BY TOM WOFFORD
FOR THE OBSERVER

OPELIKA—
The Opelika Neighborhood Mobile Wellness Clinic will make its first visit to the Courthouse Square on Friday, Oct. 13, from 9 a.m. until 2 p.m.
East Alabama Medical Center (EAMC) operates the converted Bluebird bus, which provides screenings for the most common chronic illnesses, primarily blood pressure checks and glucose screenings, at no cost.
“The Mobile Wellness Clinic brings basic healthcare to the neighborhoods that need it,” said Sutricia Johnson, manager of the mobile clinic.
The mobile wellness clinic had its official launch last December and has since been making weekly appearances all around Opelika, but the 13th will be its first visit to the square. The mobile clinic will also set up at the offices of the Housing Authority located at 1706 Toomer St. on Oct. 6.
“Of course, our ultimate goal is to increase access to healthcare, particularly to those with limited access or no insurance,” Johnson said. “But we don’t turn anyone away. If you have insurance and need a screening, we gladly provide it just the same, at no cost.”
When one steps into the clinic, they’ll find an interview and waiting room that leads into the examination room. There’s a lavatory area with a sink. The clinic is staffed by a nurse, most often Johnson, who performs the screenings, as well as by a social worker.
“It’s been a great asset having the social worker,” Johnson said. “She can connect the patients with a wide range of resources that a nurse alone can’t. Many patients need other services and the social worker can identify and direct them to those. We connect patients with a primary care physician if they don’t have one.We also provide education on preventing chronic illnesses,” Johnson said.

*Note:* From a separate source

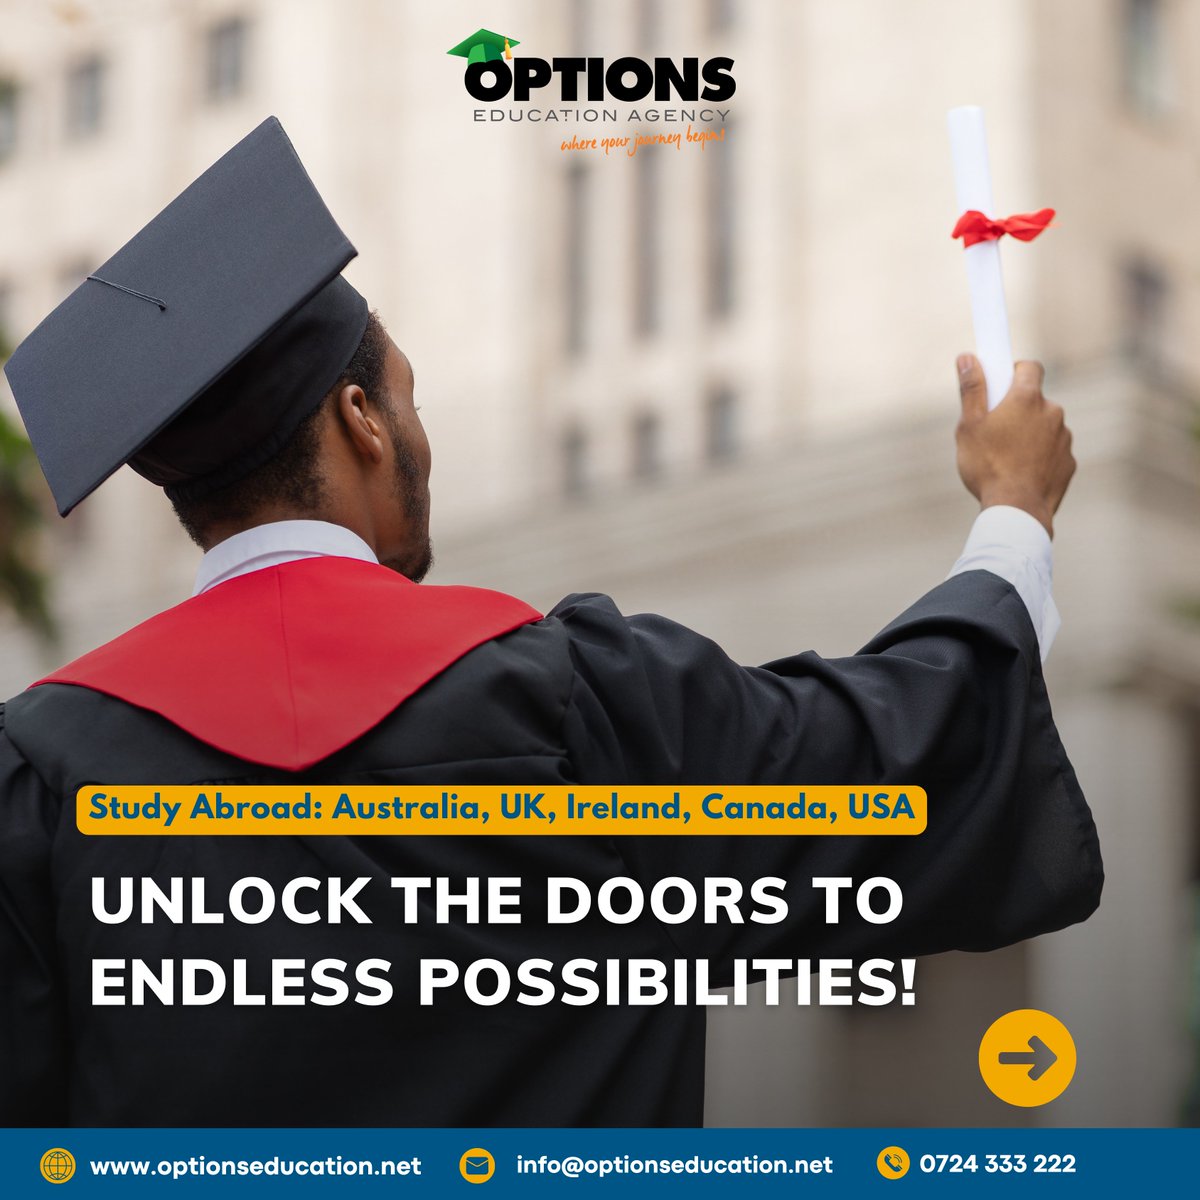 Transform your education experience with Options! Dial 0724 333 222 to learn more and take the first step towards your global future. #studyabroad #studyinaustralia #studyinuk

The clinic sets up three Fridays of each month, with the other week being a community visit on Thursday.
The mobile clinic was first conceived in 2017 as a joint project of the city of Opelika, the Casey Family Foundation and East Alabama Health (EAH). Through its partnership with Casey Family Programs, the city of Opelika learned about the Mobile Studio, a community-based build-and-design group in Auburn that works with municipalities and public agencies to research and design solutions that improve communities. Members of the planning group visited a highly successful mobile health program in Gainesville, Florida, whose clinic was serving 3,000 patients a year in medically underserved areas.
But the COVID-19 outbreak delayed the project’s completion, according to Leigh Krehling, city of Opelika’s community relations officer.
“It was so difficult during Covid to move the project,” she said.
The city of Opelika had taken on the task of raising the $200,000 needed to acquire a bus and convert it into a clinic on wheels,
First off, First Transit donated the bus.
“Once we had a bus, we had a lot of key donors who contributed to the retrofit,” Krehling said. “The Opelika Housing Authority was a big donor, along with Golden State Food, BBVA Compass, the Opelika Rotary, Auburn Bank and the Alabama Municipal Electric Authority.
The city of Opelika maintains and fuels the clinic.EAMC provides the medical services and manages the day-to-day operations.
The mobile clinic’s website features a story of a medically underserved patient whose life was radically changed, and possibly saved, by the clinic. He had been feeling bad and decided to visit the clinic because it was stationed nearby him that day. Once he was in the clinic, it didn’t take long for the staff to find his glucose level was literally “off the chart.” He had been living with undiagnosed Type-2 diabetes for an unknown length of time, and it required immediate intervention. The staff sent him to EAMC’s ER, where he presented a glucose level four times higher than normal. He spent three days in the hospital, and now knows how to maintain a healthy blood sugar level, and he encourages all the men he knows to go to the clinic and get a checkup.
The man later came to the mobile clinic for his checkup, and his glucose level was in the normal range.
“I just lost it then,” Johnson said, and said that she and the patient high-fived and danced around the exam room. “It’s obviously thrilling to know you played a part in changing someone’s life.”